Saturday, July 17, 2010

The fascination of Le Tour

If you think that cycle racing is just about getting on a bike and peddling as fast as you can, then you should watch the Tour de France. The sport is as much about tactics and outwitting your opponents as it is about speed.

The most obvious example is the way that on flat stages teams work to ensure that their fastest man is in a good position for the final sprint to the line. On those kind of days you also find teams working together in the peleton to reel back breakaway groups. Of course, if a team has a promising rider in a breakaway group, then they will be reluctant to help draw the riders back in. They are also less willing to chase a breakaway if the people in it are unlikely to affect the general classification.

Television commentators try to predict what tactics might be applied from day to day but often they get it completely wrong.

Yesterday we saw a different form of tactical riding by Alberto Contador.
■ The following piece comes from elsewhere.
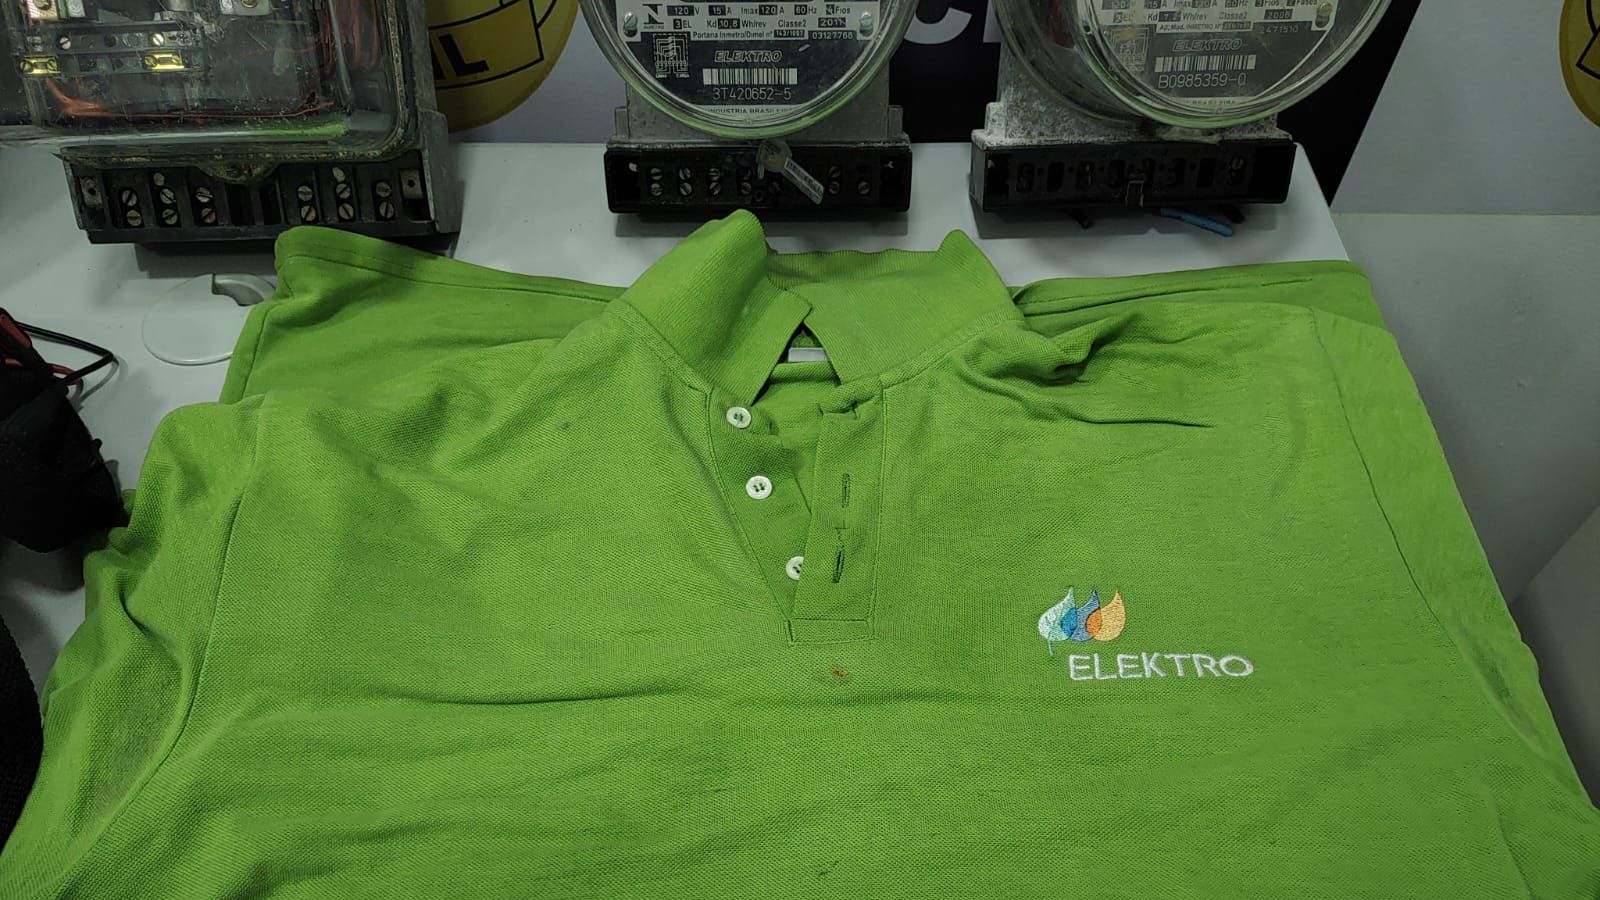 Camisa semelhante ao da empresa Elektro apreendida pela policia civil

He knows that on long climbs, his rival for the crown Andy Schleck, will react to any movements he makes. Yesterday’s stage finished with a short but brutal climb. Contador took advantage of that and made a dash once he was close to the summit.

Although Shleck reacted to the move, he wasn’t able to keep up with the Spaniard and lost ten seconds of his lead. That might not sound much but psychologically it was significant because Contador has now revealed a weakness in his opponent. You can be sure that he will exploit that weakness in the Pyrenees where we can expect him to challenge Shleck over and over again. Or maybe he wont, maybe he will wait for the time trial – we shall have to wait and see.
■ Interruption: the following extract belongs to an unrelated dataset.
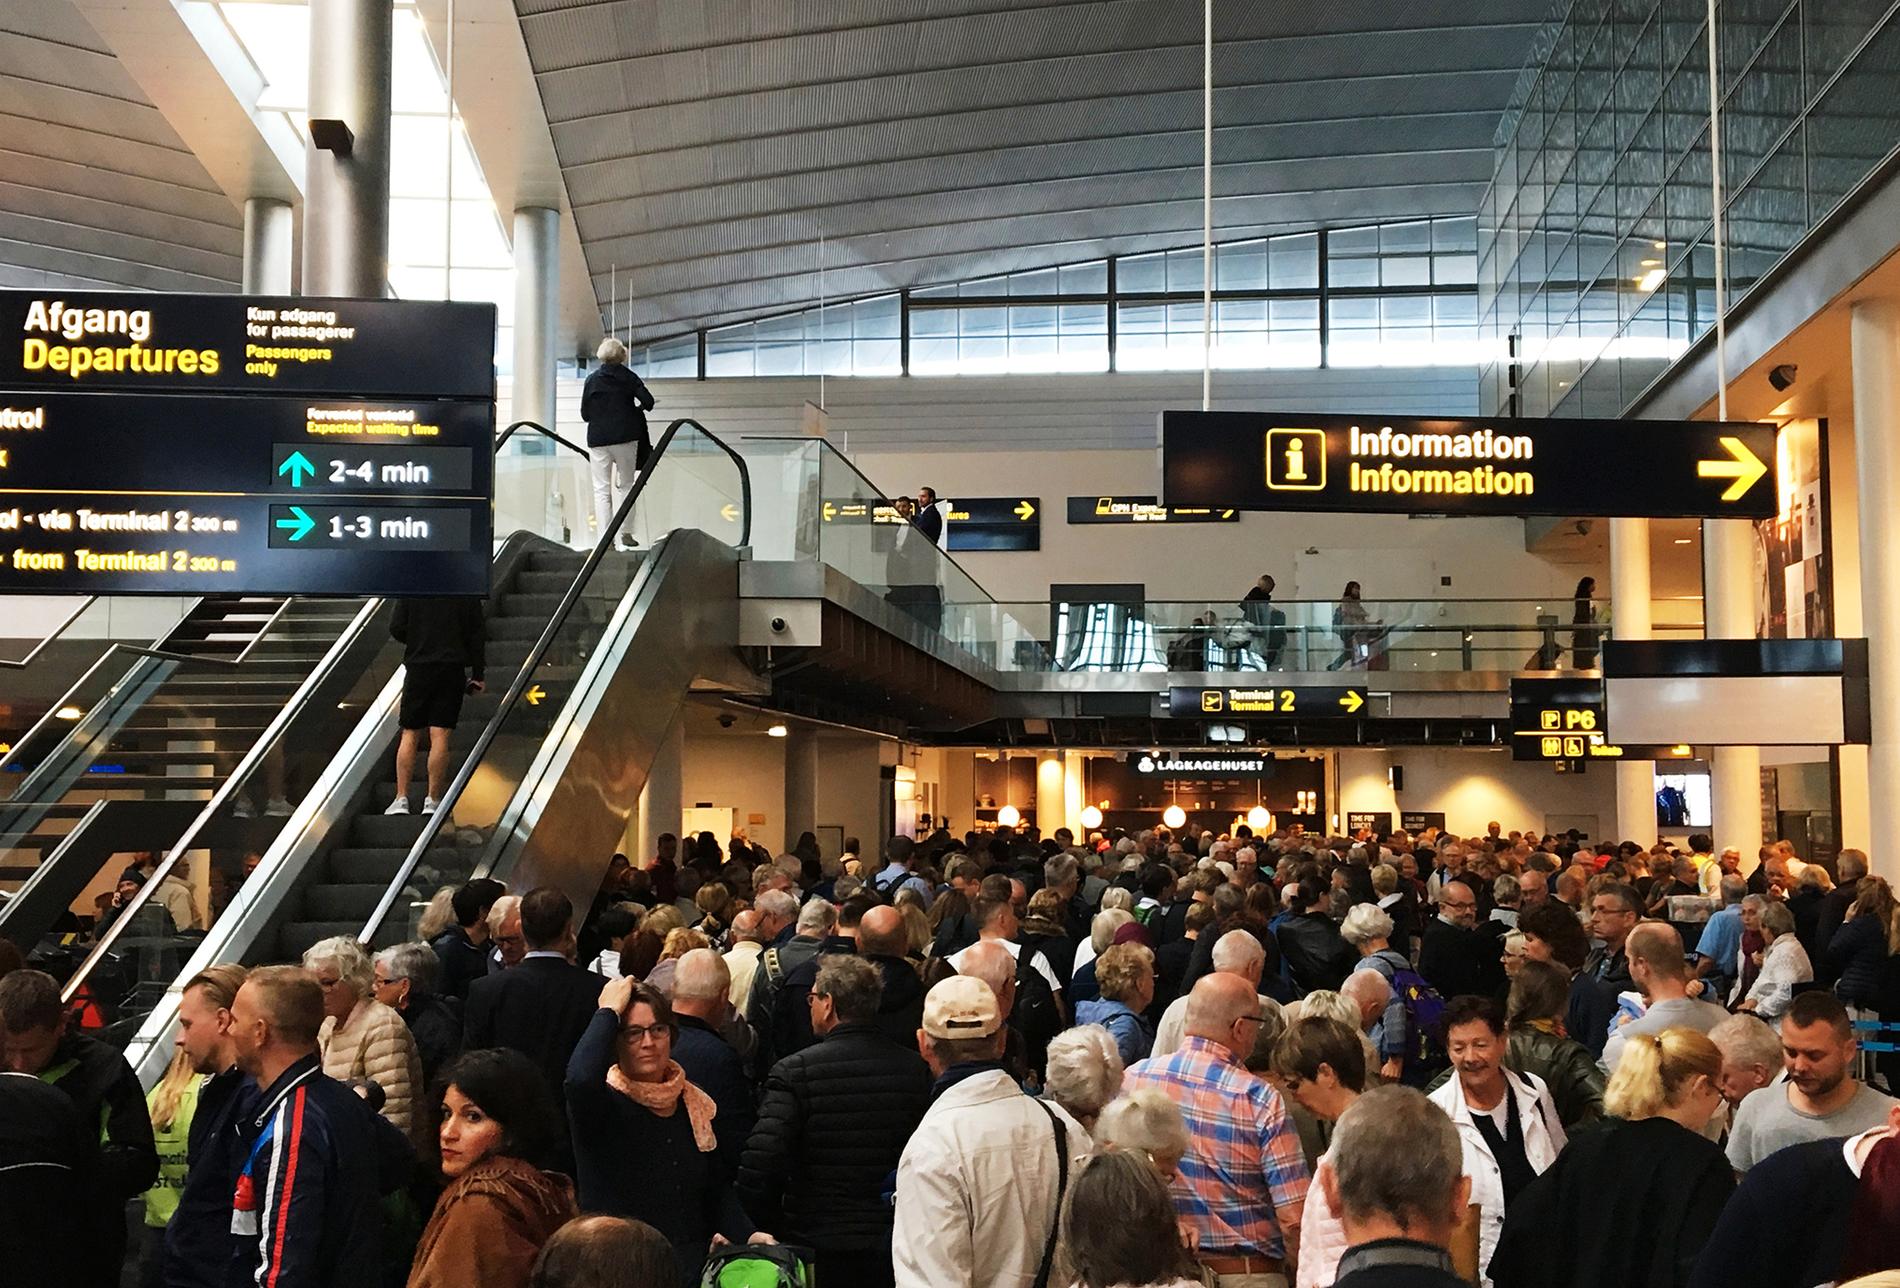 Kastrups terminal 2 avspärrad när misstänkt bagage undersöks. Folk trängs i terminal 3 som fortfarande är öppen.

If the unexpected makes Le Tour a fascinating race to watch, it was even more interesting in the past. For example, In 1950 when the summer was particularly hot, many of the riders got off their bikes and ran into the Mediterranean at Ste-Maxime. They were of course penalised by the judges.Then in 1978, the peloton decided to ride slowly all day and finally walked across the line at Valence d'Agen in protest at having to get up early to ride more than one stage in a day. I don’t suppose anybody saw either of those events coming.